Revenir sur ses traces, encore une fois. Abandonné. Seul, toujours.
Il y a des choses qui recommencent éternellement, comme les saisons ou les marées. L'amour qui s'en va aussi. Revenir ici, c'est comme fouler de nouveau une terre brûlée maintes et maintes fois traversée. Encore... Mais c'est pas vrai !
Etre là, et ne pas en croire ses yeux, tellement saoulé de coups, la tête concassée, en vrac, le cur en miettes, abîmé, à genoux. De la merde au fond de soi. Se sentir laid, si laid d'être encore là, d'exister. Sauvageon en sursis, petite tumeur sans désir oubliée dans la boue des sentiments trahis. Alien des profondeurs, chair à canon, mal à être, à vivre, à faire avec. Revenir dans ce pays dévasté qu'on pensait avoir quitté à jamais, envolé qu'on se disait sur des cimes immenses, au grand pays des vallées fertiles, des rivières magnifiques, des arbres rois, des rires, des chants, des enfants. C'était si bon d'aimer quelqu'un. D'être aimer en retour.
Puis revenir ici, naufragé.
Des cendres, partout, en long en large en travers, des eaux noires, froides et le silence, obsédant, maître absolu.
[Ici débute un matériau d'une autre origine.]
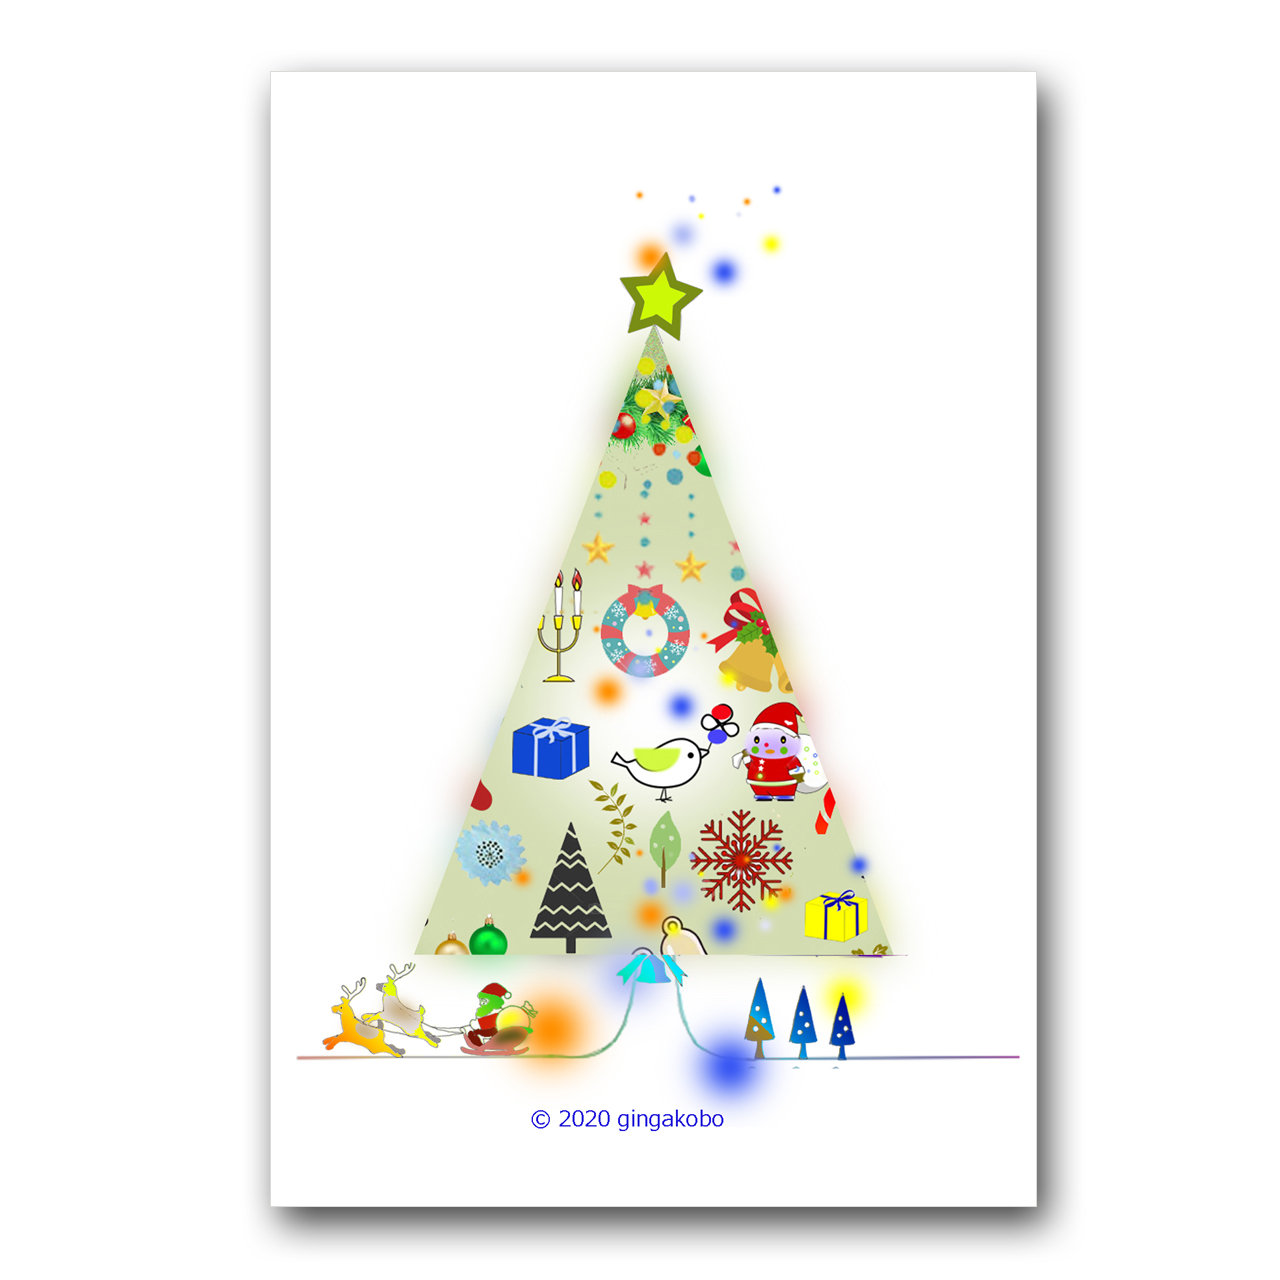 ハッピークリスマス クリスマスツリー サンタクロース ほっこり癒しのイラストポストカード2枚組 No 12 Iichi ハンドメイド クラフト作品 手仕事品の通販
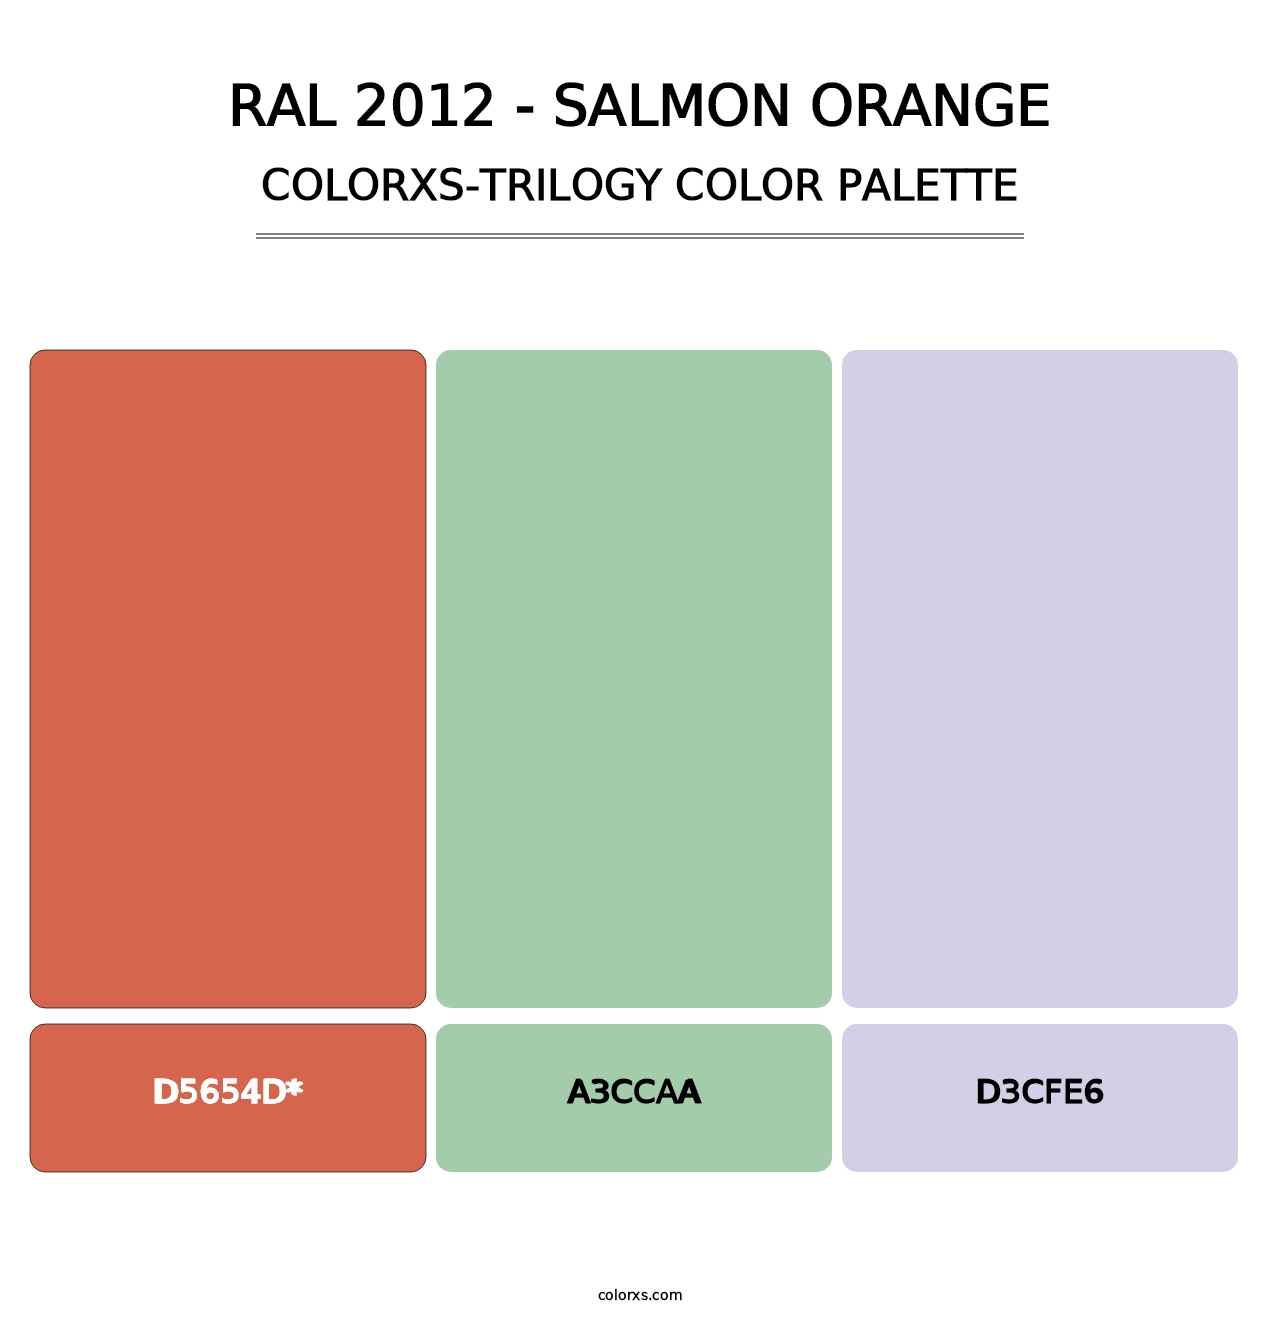 RAL 2012 - Salmon Orange - Colorxs Trilogy Palette

Alors à genoux, implorer les esprits, demander grâce, je vous en prie, je vous en supplie... Des larmes, les dernières, des larmes du sang, du sang de l'enfance, des secrets, de sa vie d'humain sur la terre. Arc bouté sur sa douleur, demander enfin la fin du monde, supplier que tout s'arrête, s'en aller, disparaître, s'enfuir et ne plus jamais revenir. Effacer les traces, toutes les traces. N'avoir pas été. Poussière.
Au soleil noir de la mélancolie, se perdre. Parce que cette voix n'en finit plus de résonner en soi, parce que ce visage incroyable ne viendra plus sourire. Il fait si beau quand quelqu'un vous aime.
Orphelin de ça, plus envie de rien. Même plus envie de respirer. Juste se tirer, pour de bon cette fois. Demi-tour.